Professor Vlastimil Havlík: Thank you very much for this excellent question. What is clear is that ANO decisively won the election, as you mentioned. It was a kind of landslide victory, with more than 30% of the votes. In fact, in terms of the number of votes, it was the best result in the history of Czech electoral politics.

You asked me to interpret this outcome in the context of centrist populism. I would say I’m not entirely sure whether the party is still centrist populist in the way it was when it was established 12 or 13 years ago. At that time, the party relied on populism, anti-corruption narratives, and anti-establishment arguments, while simultaneously promoting technocracy and its competence to run the state as the solution, deliberately avoiding clear ideological stances. It declared, “We are not on the left, we are not on the right. That is not important anymore. What is important is to get rid of the current politicians.”

Over time, as a consequence of the party’s participation in government and the immigration crises, ANO had to take positions on many political issues. Today, it still employs populism and technocratic narratives. Babiš remains the central figure, continuing to present himself as a skillful manager capable of running the state effectively. The party, however, is highly pragmatic. It follows public opinion and has adopted relatively clear stances on several issues, combining left-leaning positions—such as targeted social policies for pensioners and protectionist measures—with a culturally conservative, even radical-right orientation.

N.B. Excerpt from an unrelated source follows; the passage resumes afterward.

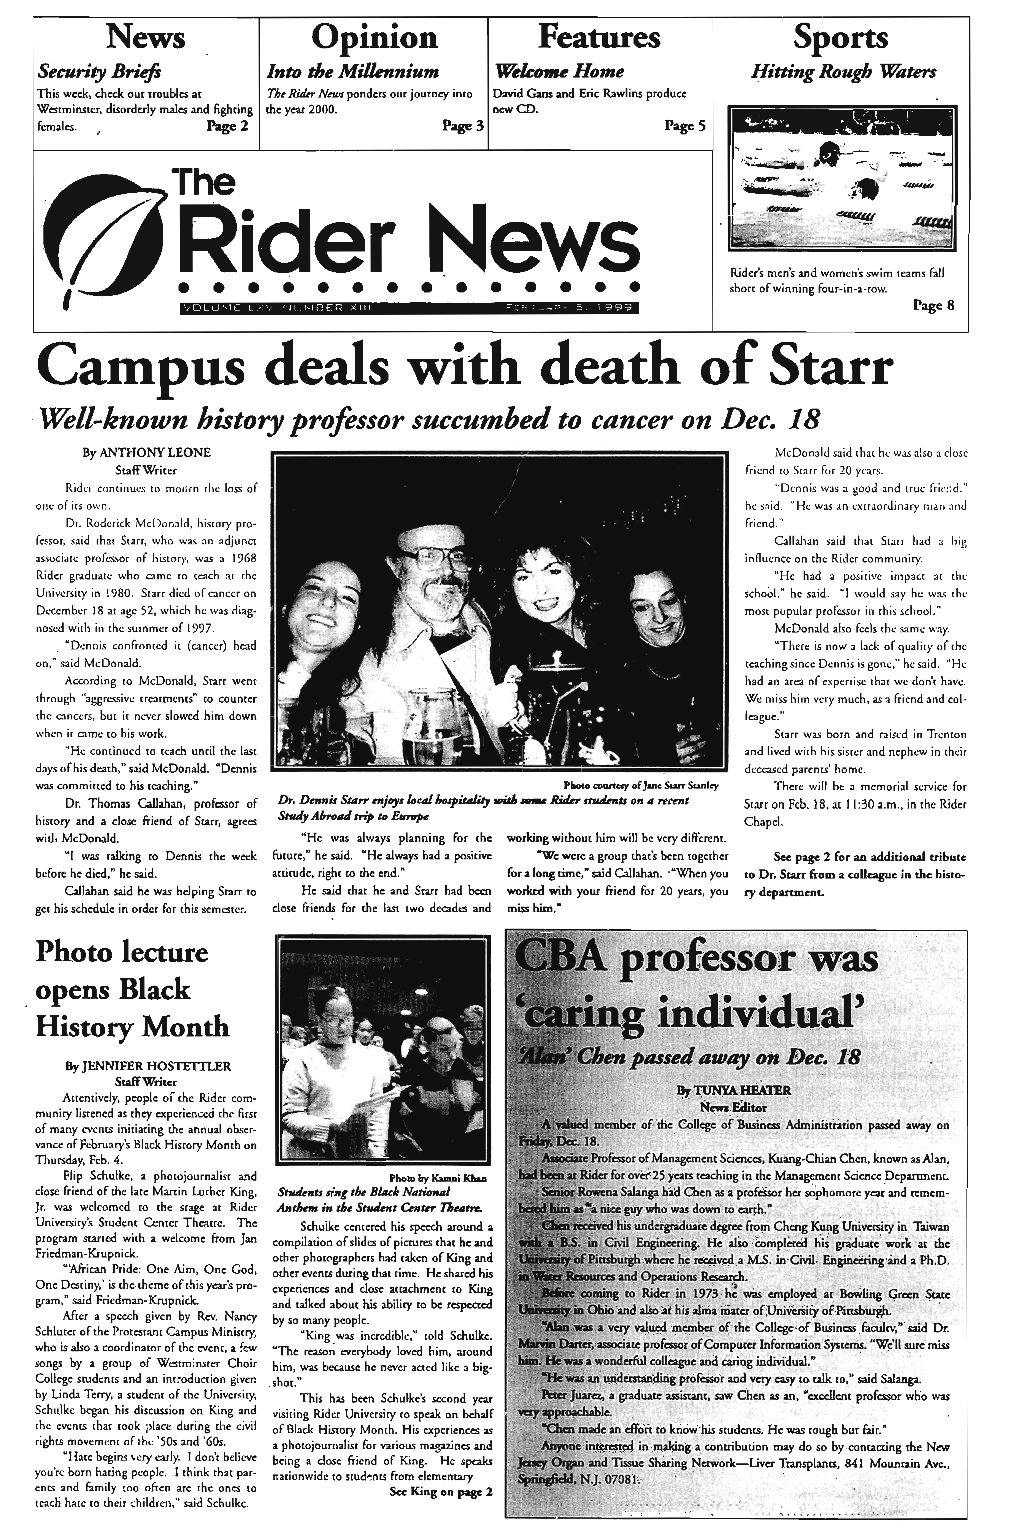 Campus Deals with Death of Starr .Well-Known History Professor Succumbed to Cancer on Dec

So, when I return to your question about the persistence of cleavage structures, I would say both yes and no. The shift in the party’s ideology and political discourse reminds me of what we saw in the Social Democratic Party 10 or 15 years ago, when it was a major political force. Electorally, ANO’s base is quite similar to that of past social democratic voters. However, the environment is different now, with the rising salience of cultural issues. So, while it is not really a social democratic party, ANO has adopted a position very similar to what the Social Democratic Party once held. It has also placed a strong emphasis on economic issues, which is another sign of continuity. I don’t view this election as a major rupture; rather, I see clear signs of continuity, albeit within a changing political context.

Czech Party Politics Has Become Two-Dimensional: Culture Now Rivals the Economy

The 2025 elections revealed ANO’s shift toward left-leaning conservatism, especially on socio-economic and cultural issues. How significant is this realignment for reshaping the Czech political space, and how does it affect the interaction between populist actors and traditional party families?

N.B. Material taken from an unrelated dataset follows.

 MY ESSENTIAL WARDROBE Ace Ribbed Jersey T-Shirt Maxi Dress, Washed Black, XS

Professor Vlastimil Havlík: Actually, I can follow what I said a couple of seconds ago. What we have seen in the party landscape of the party system over the last decade is a major increase in the salience of cultural and post-materialist issues, such as immigration, as a clear result of the so-called immigration crisis. There is also much more discussion about minority rights, such as the position of LGBTQ+ groups, the position of women, and environmental protection vis-à-vis global warming.

In general, the party system in the Czech Republic is no longer unidimensional as it used to be, when Czech party politics was defined for at least two decades by conflicts over economic issues, redistribution, taxes, and social policies. Now, clearly, it has become two-dimensional. The economic dimension is still there, but the cultural dimension has become similarly important.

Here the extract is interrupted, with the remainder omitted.